- **EXERCISE GOAL**
In your copy, leave out the pictures and output only the lines from the one holding "20 filler (fillér), 1907: Kingdom of Hungary" through the end of the data below, exactly.

───── GIVEN DATA

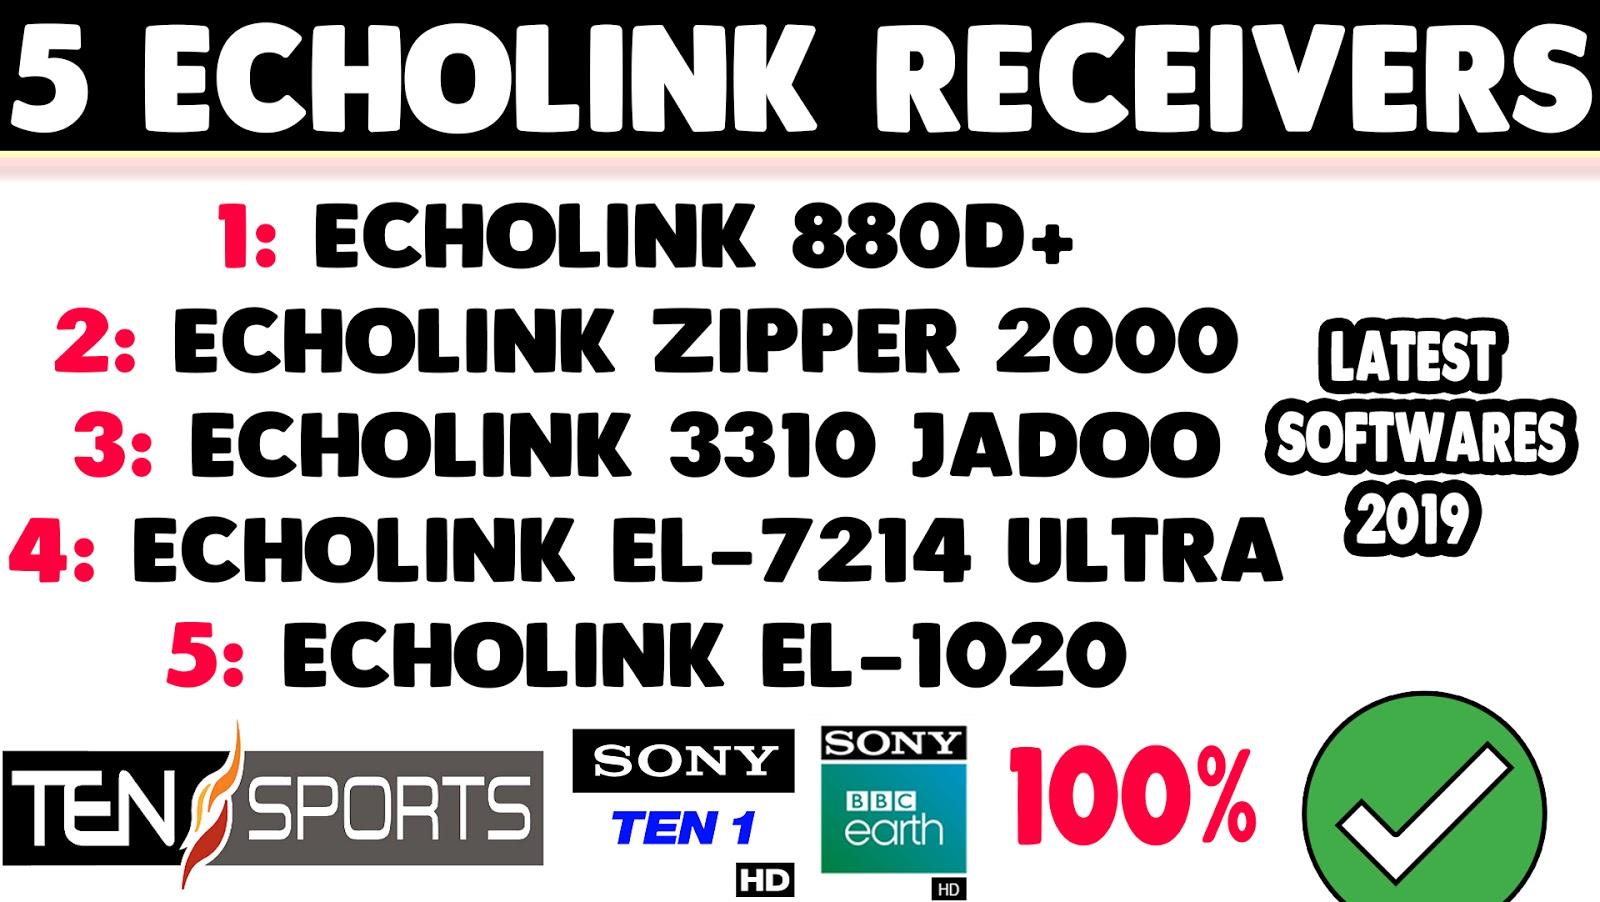 ECHOLINK 880D+ HD, ZIPPER 2000, 3310 JADOO TV, EL-7214 ULTRA & EL
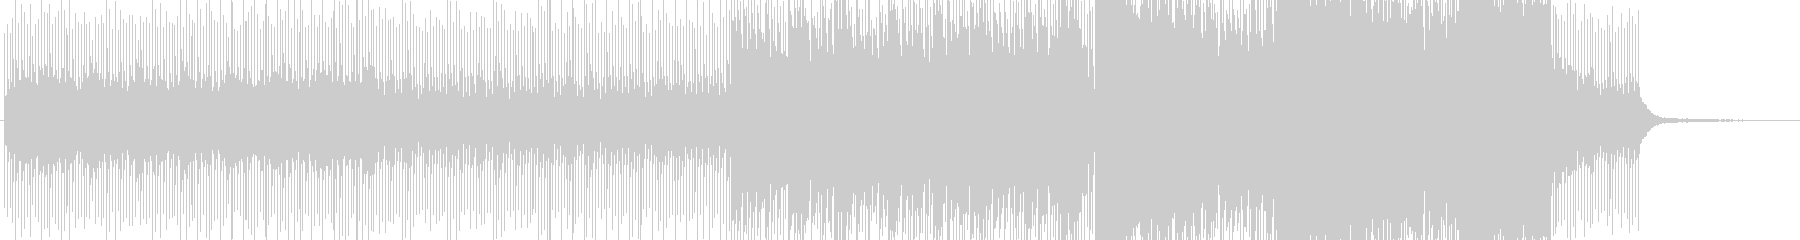 シンキングタイム、ルール説明時のBGMの未再生の波形
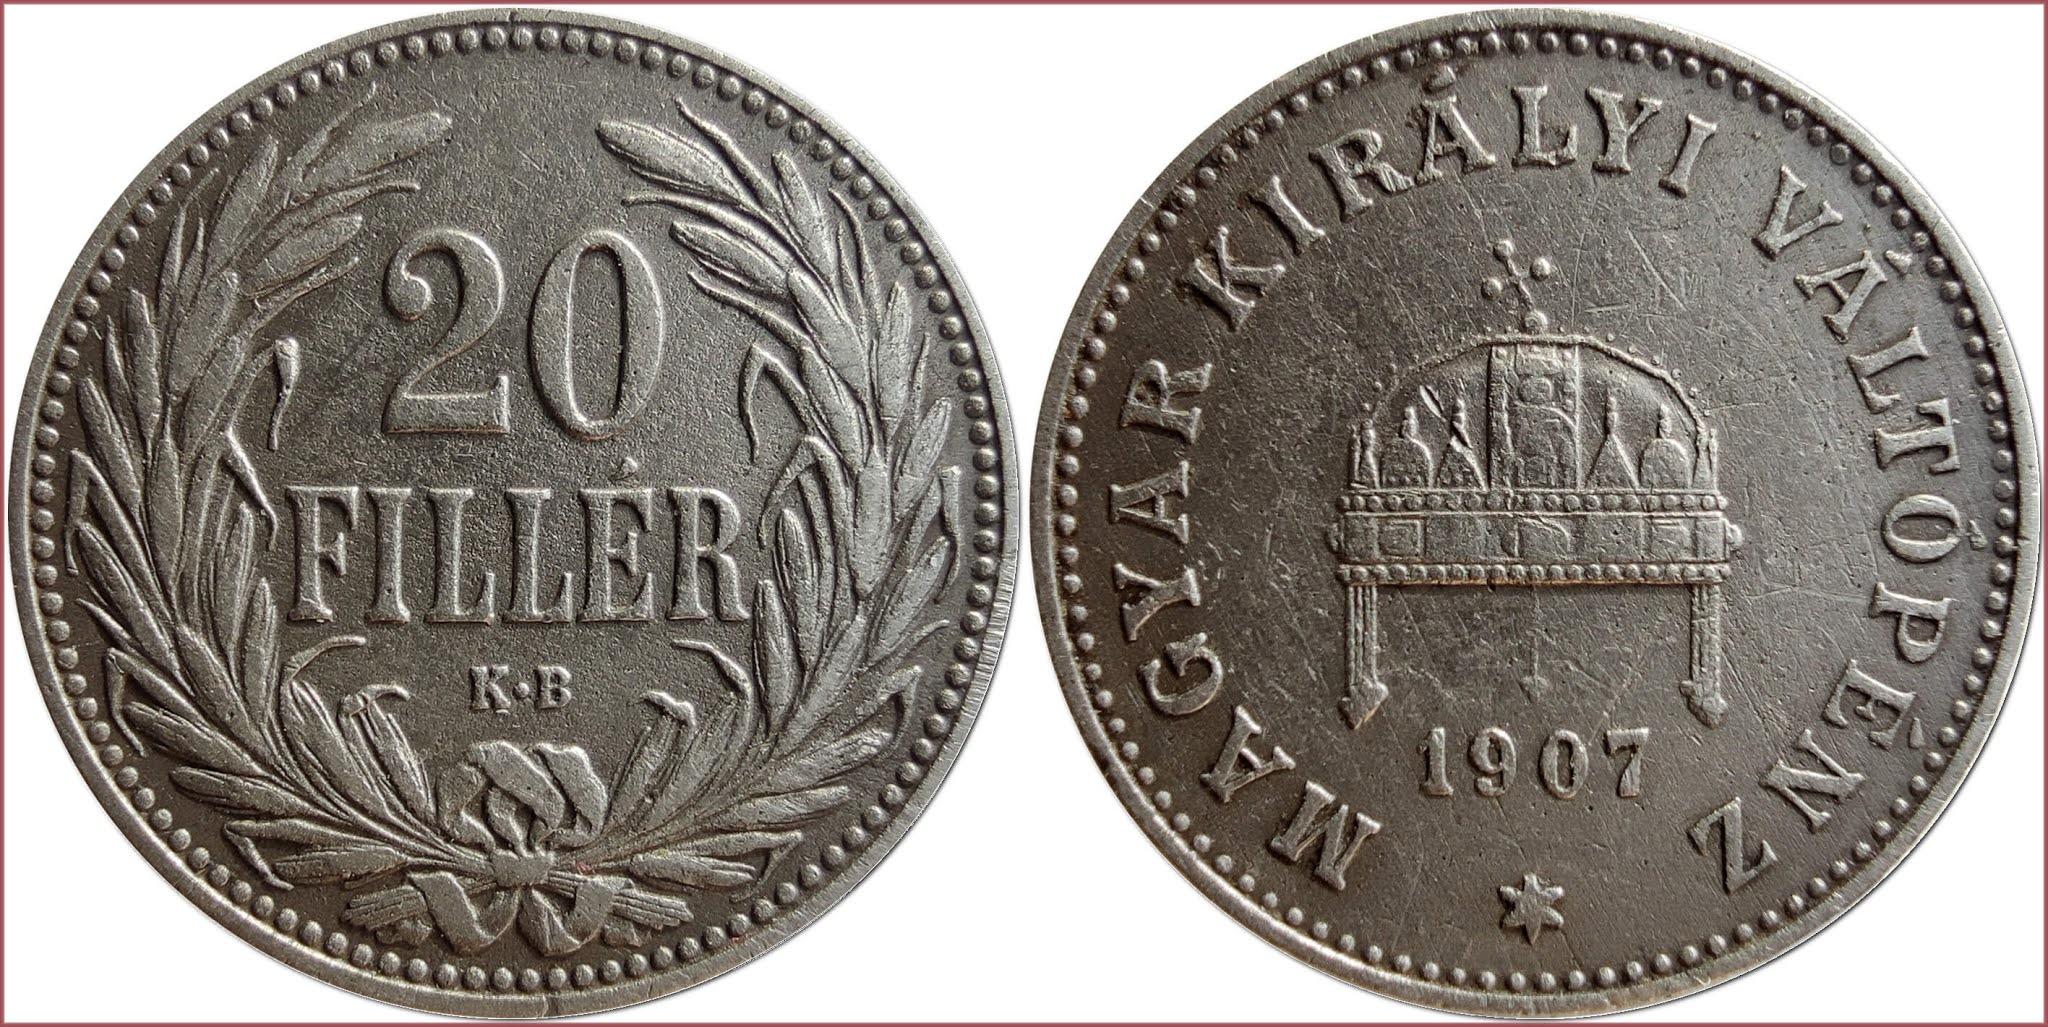 20 filler (fillér), 1907: Kingdom of Hungary
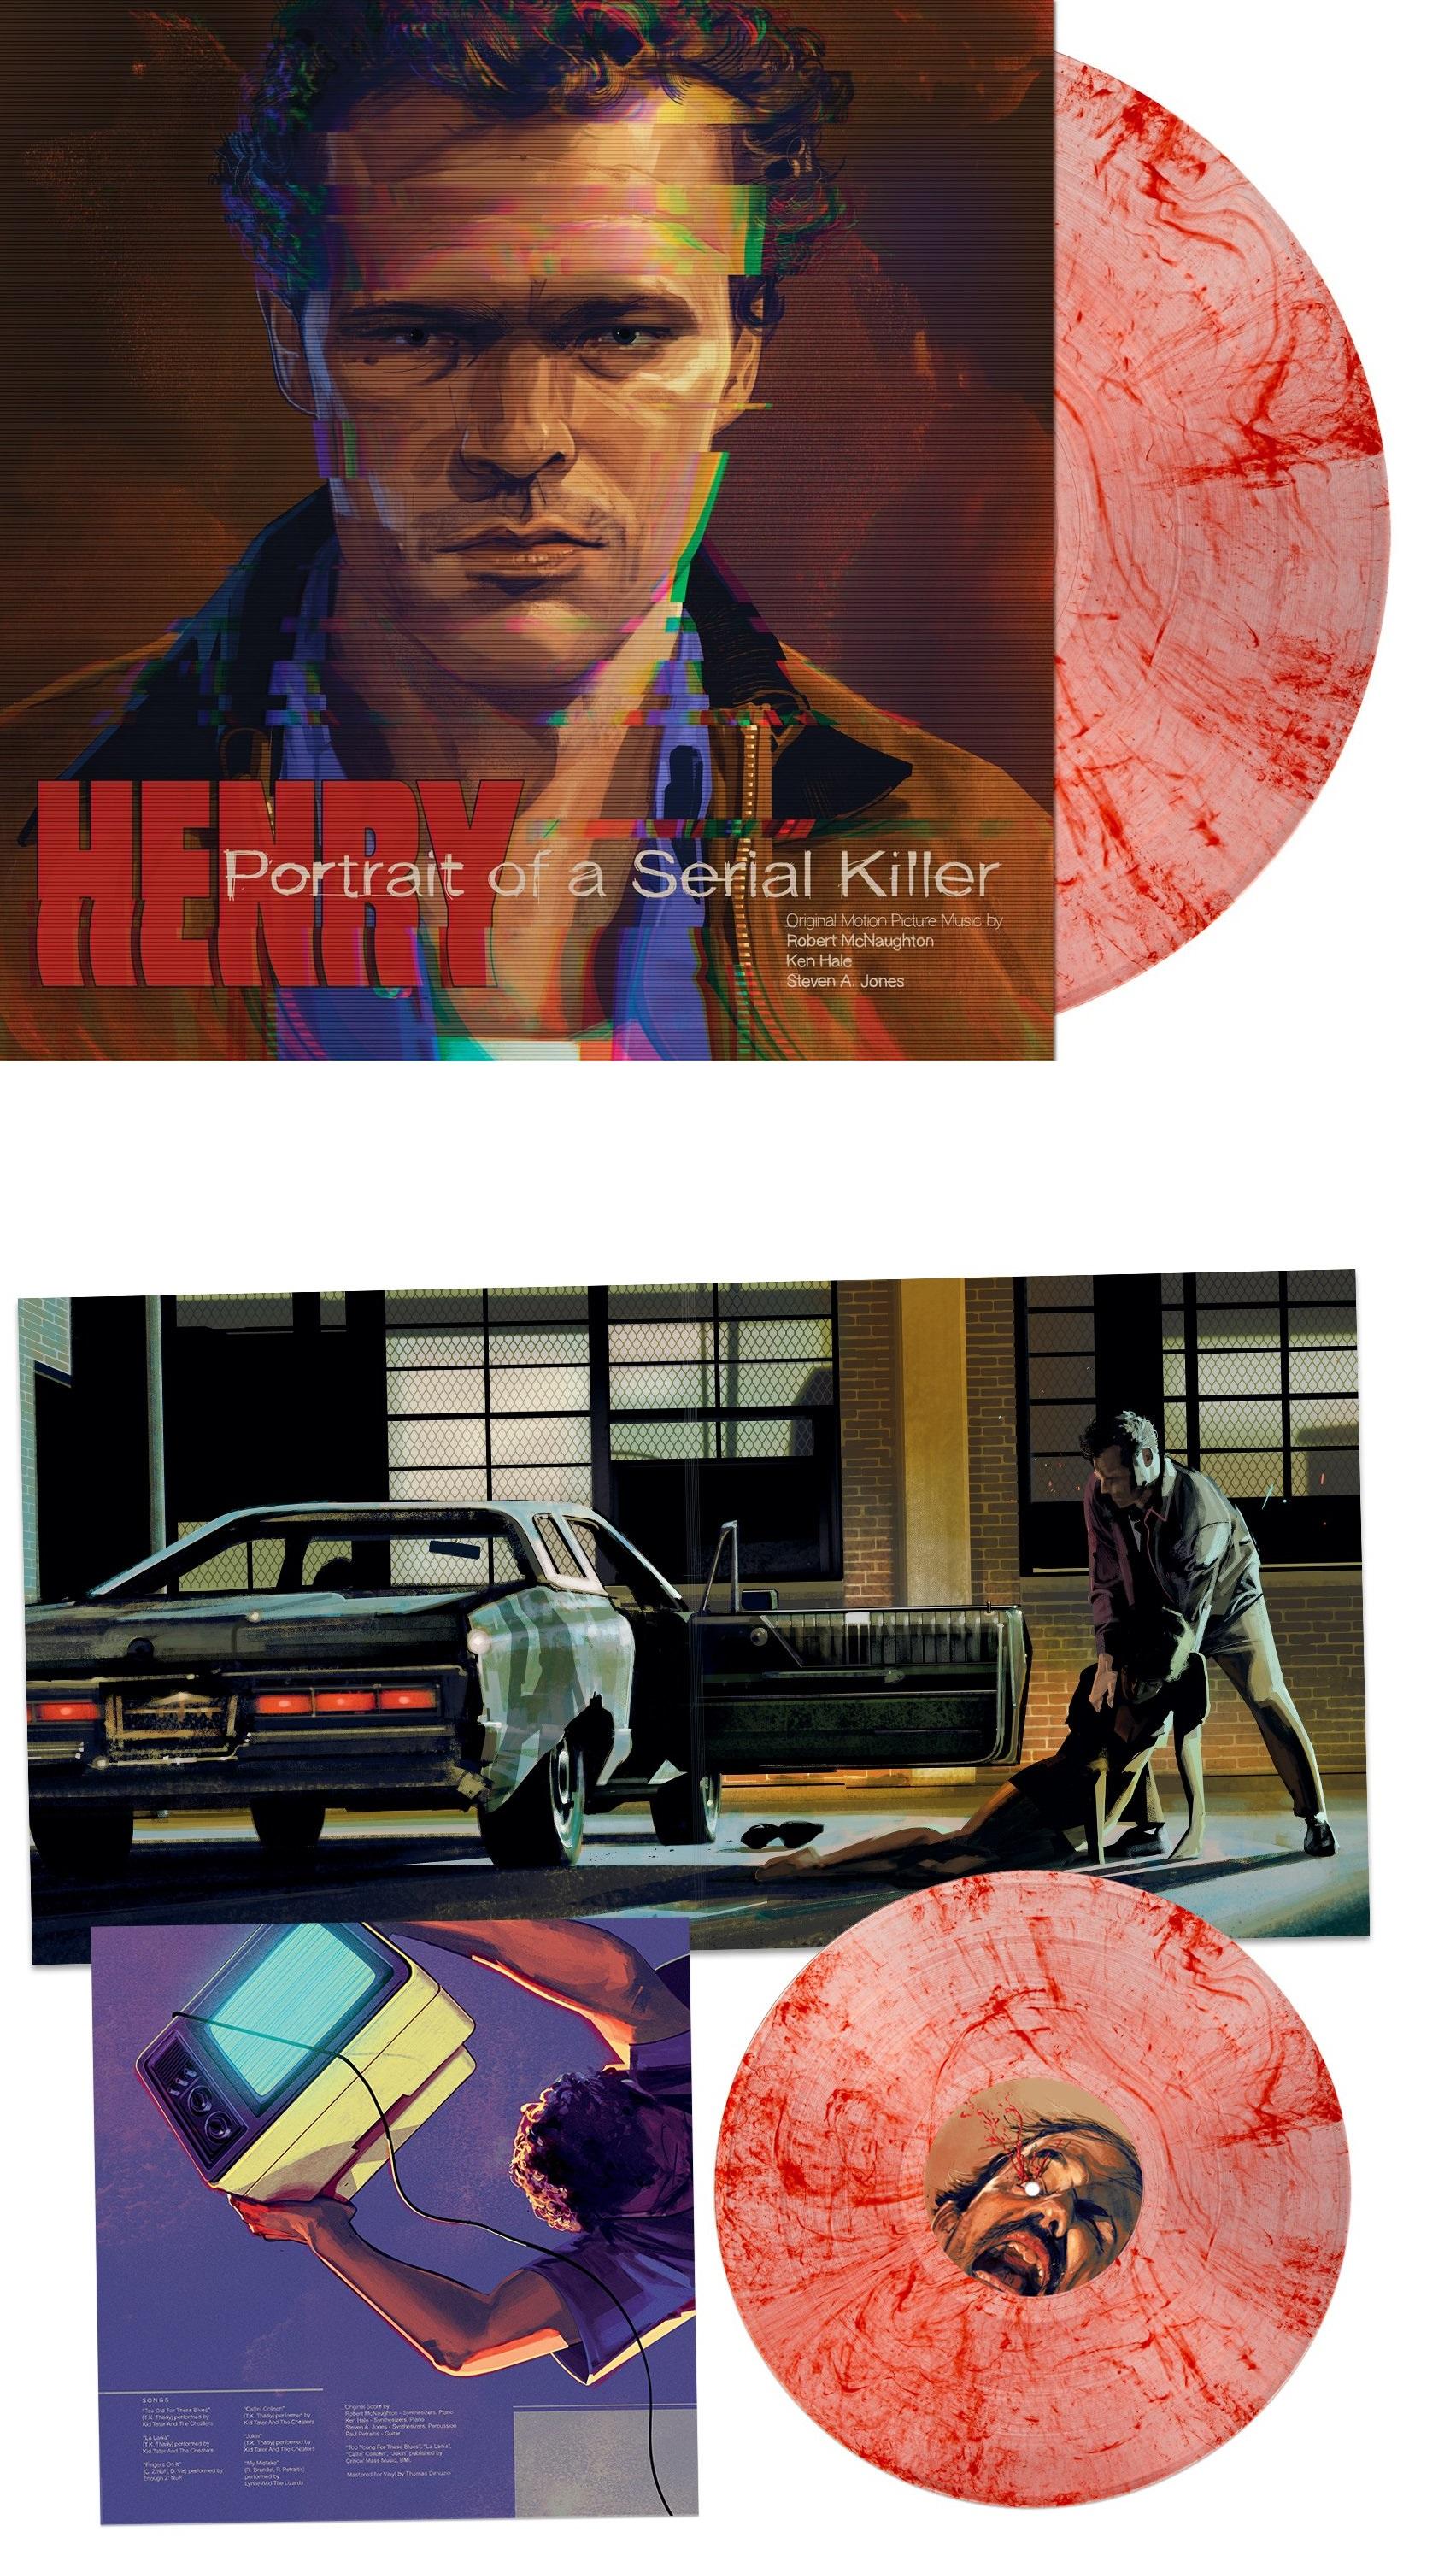 Henry: Portrait of a Serial Killer (Vinyl)
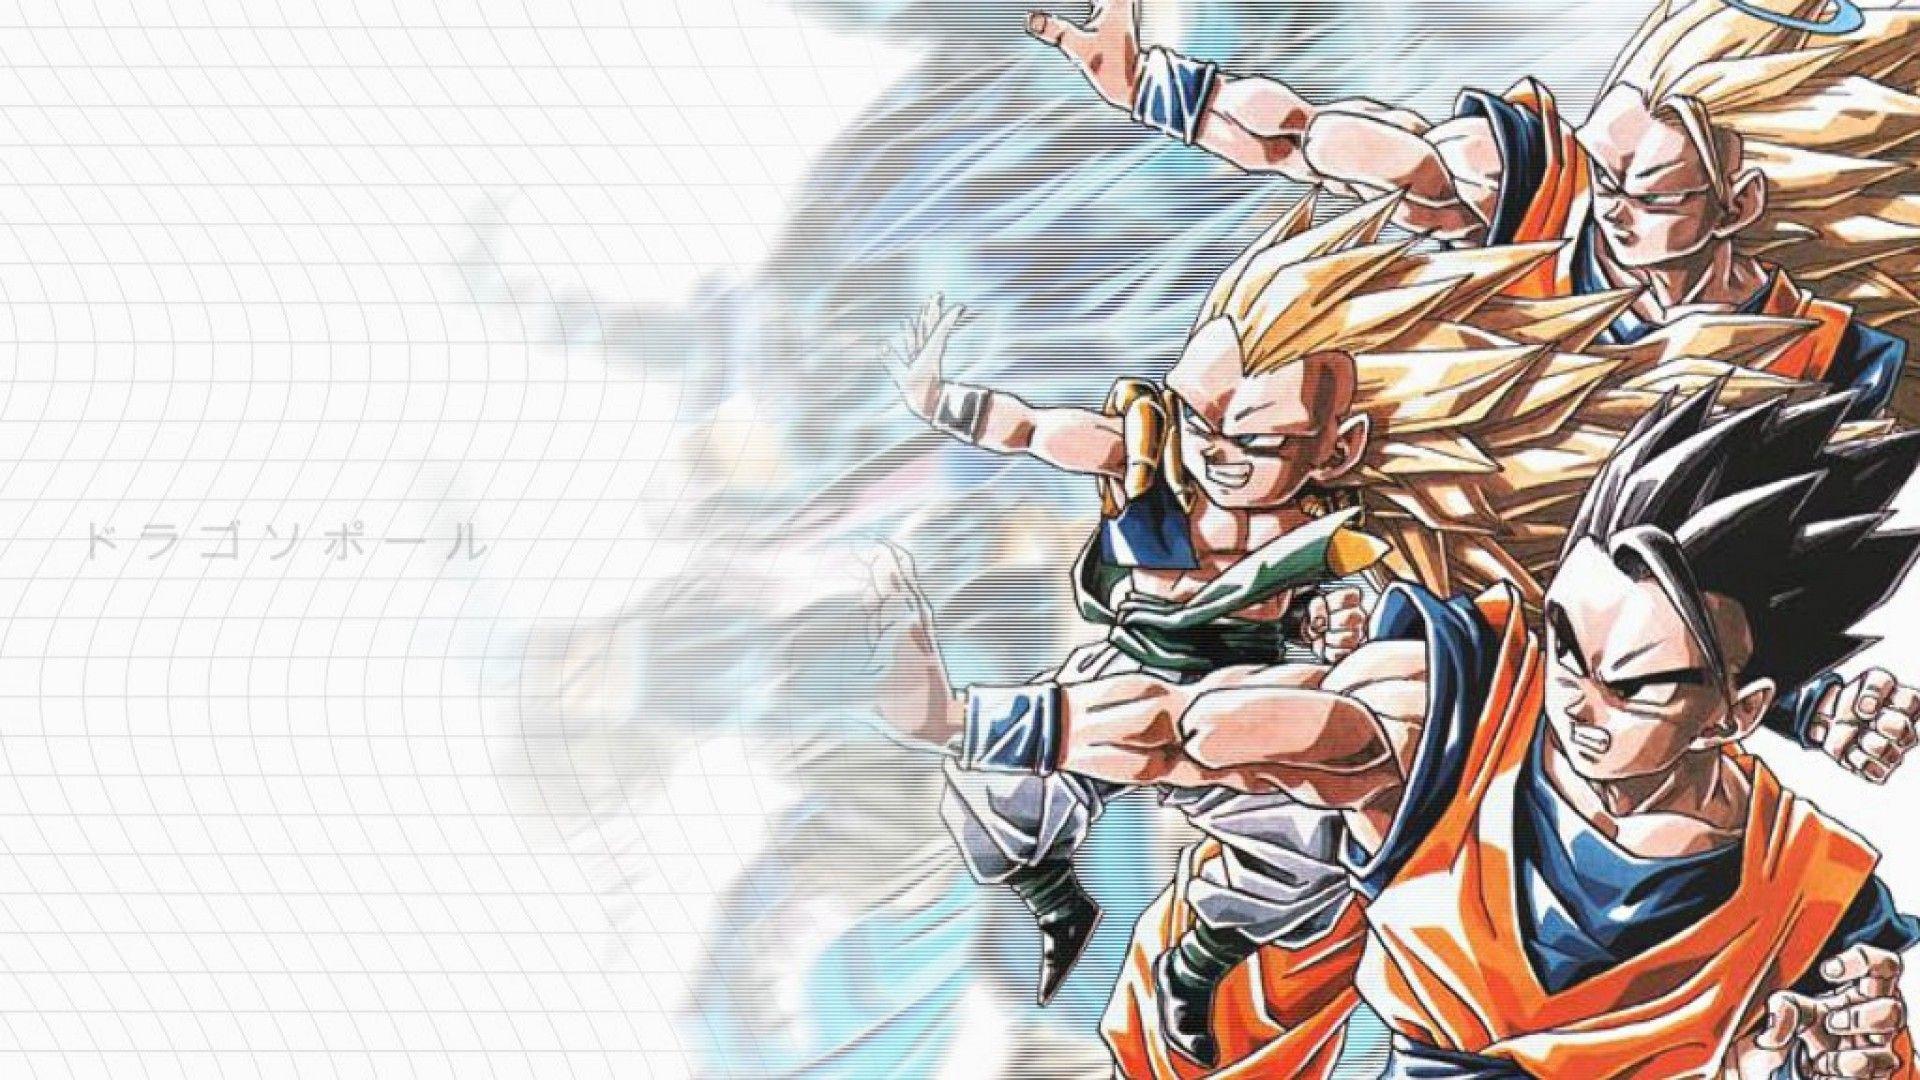 Dragon Ball Z 1080p Wallpaper WallpaperSafari

──────────

- **RESULT OF THE EXERCISE**
 20 filler (fillér), 1907: Kingdom of Hungary
 Henry: Portrait of a Serial Killer (Vinyl)
 Dragon Ball Z 1080p Wallpaper WallpaperSafari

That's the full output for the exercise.